Doug Jackson
- Full name: William Douglas Jackson
- Date of birth: 5 December 1941
- Place of birth: Hawick, Scotland
- Date of death: 29 January 2018 (aged 76)
- Place of death: Melrose, Scotland
- Height: 5 ft 10 in (1.78 m)
- Weight: 76 kg (12 st 0 lb; 168 lb)
- School: Hawick High School

Rugby union career
- Position(s): Wing

Senior career
- Years: Team / Apps / (Points)
- 1958–1970: Hawick / 242 / ()

International career
- Years: Team / Apps / (Points)
- 1964–1969: Scotland / 8

Coaching career
- Years: Team
- South of Scotland under-21 team

= Douglas Jackson (rugby union) =

Scotland rugby union player (1941–2018)

William Douglas Jackson (5 December 1941 – 29 January 2018) was a Scottish rugby union player. He played on the wing for Hawick and won 8 international caps representing the Scotland national rugby union team.

==Early life==
He was born on 5 December 1941 in Hawick, Scotland. He was educated at Hawick High School.

==Rugby career==
Jackson made his debut for Hawick in 1958. He was a winger who stood 5 foot 10 inches tall and weighed 12 stones. In the 1969–70 season he scored 29 tries and equalled the club record.

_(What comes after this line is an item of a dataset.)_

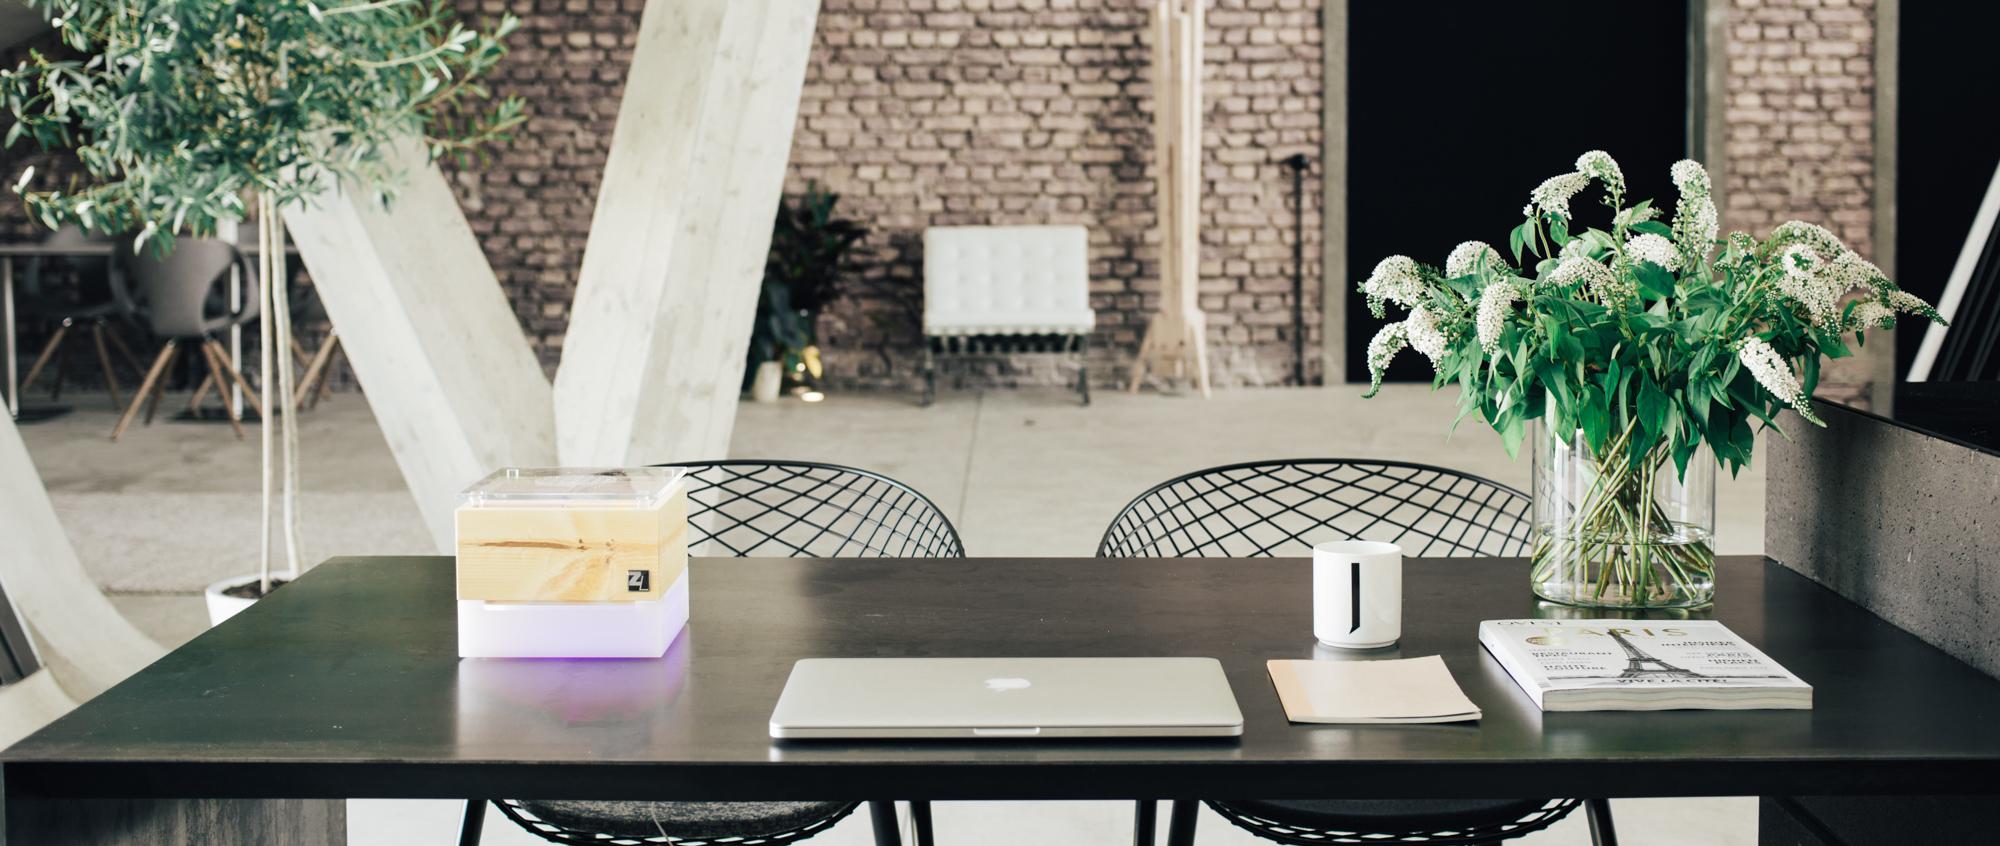 ZirbenLüfter Cube mini, Luftreiniger, Luftbefeuchter für gesundes Raumklima in Räumen bis 15 m2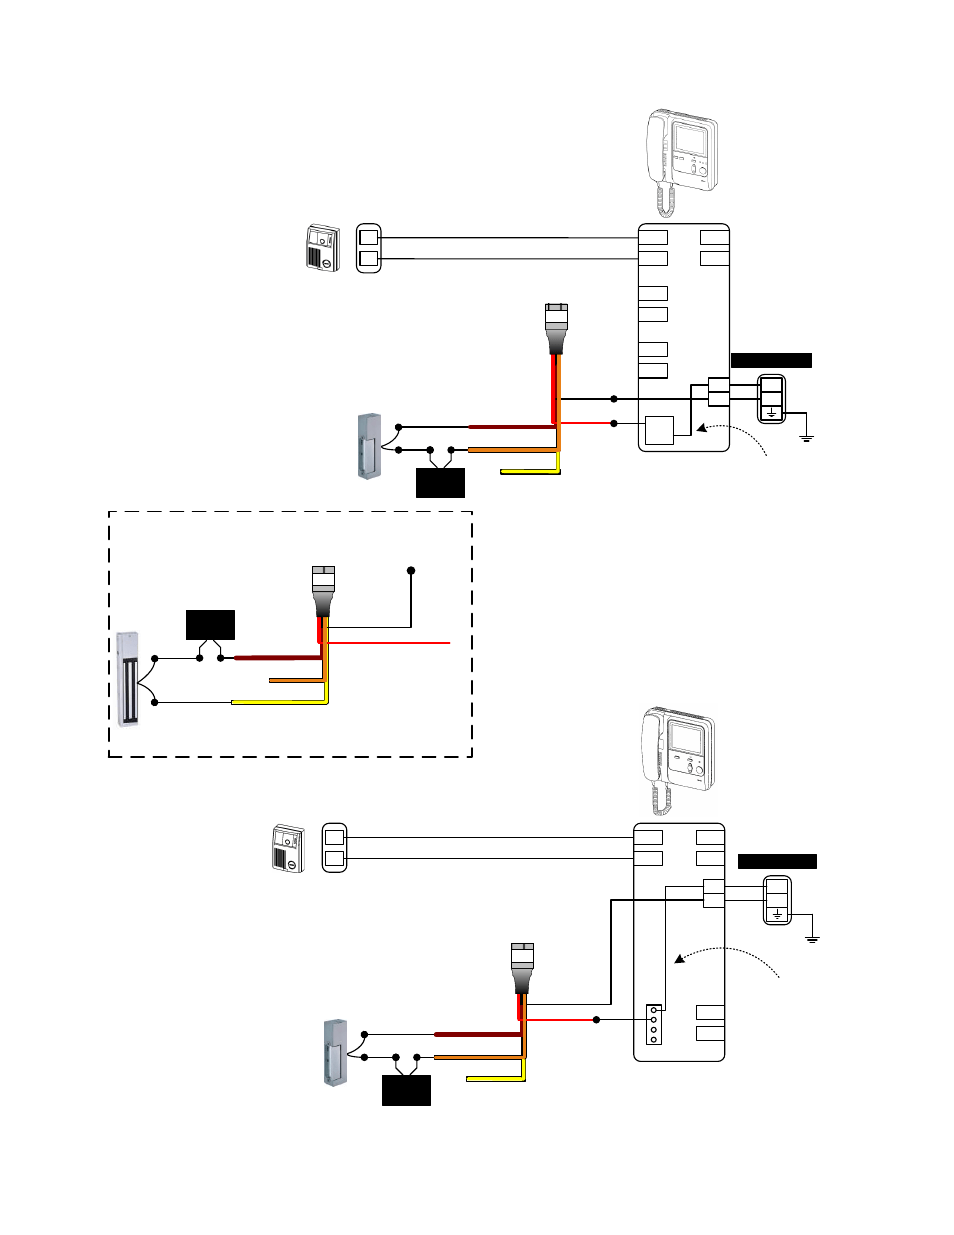 v2000 c door access manual

His first international appearance was against Ireland at Lansdowne Road on 22 February 1964. His last test appearance for Scotland was against England at Twickenham on 15 March 1969.

He was later the manager of the South of Scotland under-21 team. At Hawick he was President and Sevens convener. He was director of Rugby at Hawick for a few years, until 2012.

He died on 29 January 2018 in Borders General Hospital, Melrose, aged 76.